Take the train, coos VIA Rail Canada, and the come-on is appealing. After all, is there a more comfortable way to travel?
Unlike the airplane, you arrive at a downtown station (no $30 taxi ride to a suburban airport) minutes before departure. No need to check your nail file and clear security; just hop aboard.
Unlike the automobile, you need not worry about driving or burning gasoline. Think smaller carbon footprint.
Unlike the bus, there is no traffic. On the train you can move around, use the Internet, enjoy a hot meal at your seat or have a drink in the lounge car.
Well, not really. What should be true of train travel in Canada isn’t. Our rail service is abysmal, one of the great failures of public policy.
We are at least a generation behind Europe and Asia. The costs are mounting. A country that built a mythical transcontinental railway in the 19th century has largely abandoned passenger service today.
Oh, how far we’ve fallen. Let us count the ways.
Take the train to Montreal from Ottawa, for example, and you have a choice of six departures a day. Only the first, at 6:34 a.m., allows you to arrive by 9 a.m., in time for the business day.
The next leaves at 9:24 a.m. The last returns to Ottawa at about 6:00 p.m., eliminating the prospect of an evening in Montreal.
The schedule surely has a logic of its own but what it doesn’t have is frequency. Six trains a day in each direction between the national capital and the country’s second largest city is a gesture, not a commitment. Serious service is trains every hour from early morning to late evening, like inter-city buses.
As for a downtown station, that’s true in Montreal and Toronto. But not in Ottawa, which abandoned its train station in 1966 and built a new one miles from its centre.
It was an act of staggering genius, for which Ottawa is justly legendary. (Think Scotiabank Place, which rises in a cow pasture in Kanata). The train station is so embarrassed to be where it is that it announces itself with only a tiny green directional sign.
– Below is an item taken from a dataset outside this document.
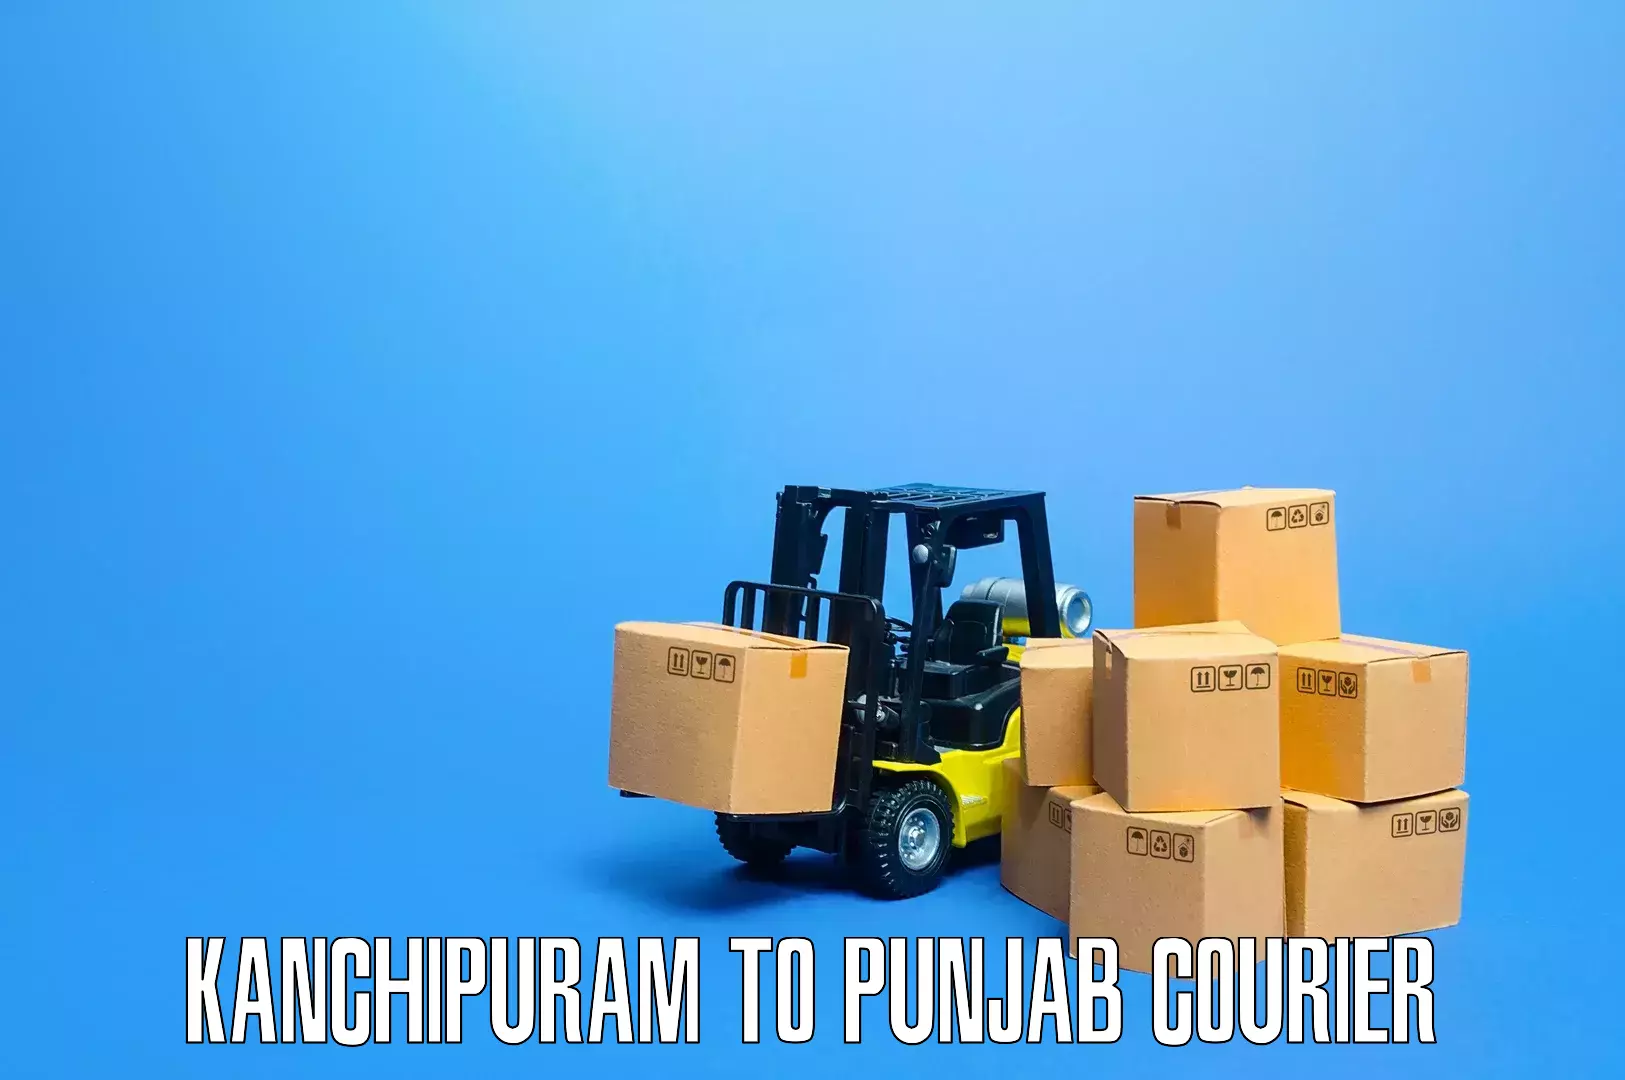 Professional furniture moving in Kanchipuram to Gurdaspur
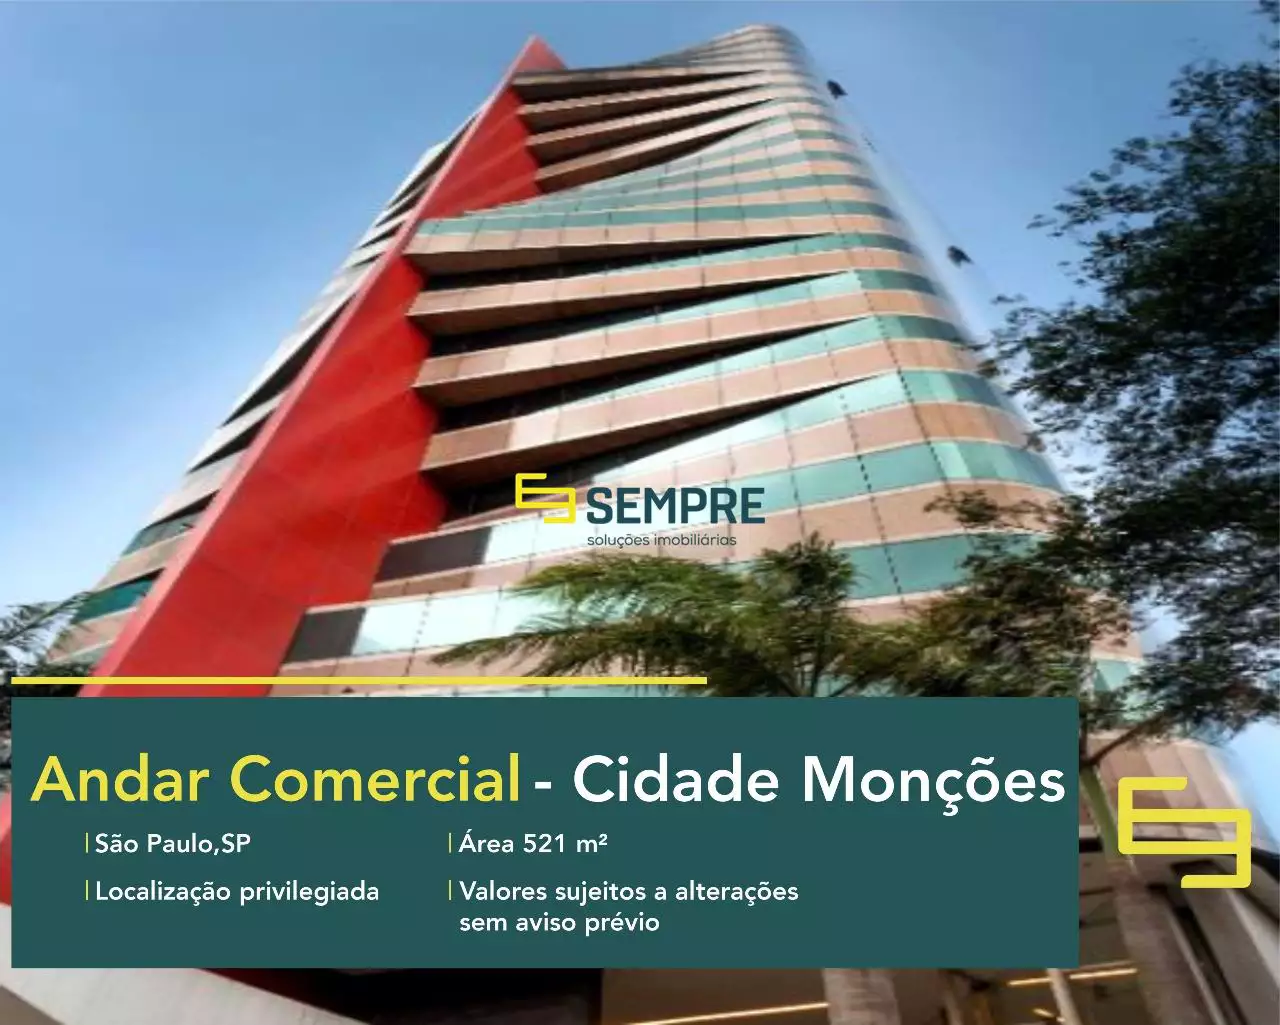 Andar corporativo no Edifício Berrini 500 para alugar em São Paulo, em excelente localização. O ponto comercial conta com área de 521 m².

Brilliant.
Delays are not uncommon, particularly to Toronto. On that route, VIA offers all of five trains a day.
As for speed, the journey is not going to set any records. The fastest train to Montreal takes one hour and 58 minutes. That must be the express. The slowest takes two hours and 16 minutes.
Between Ottawa and Toronto, the travel time is about four-and-a-half hours, give or take 15 minutes.
For all that, the experience is pedestrian. The carriages are old, the interior worn and, on this day, the windows streaked. If you want to use a laptop you have to balance it on a tray; only one set of seats has a good-sized table, and it is in first class.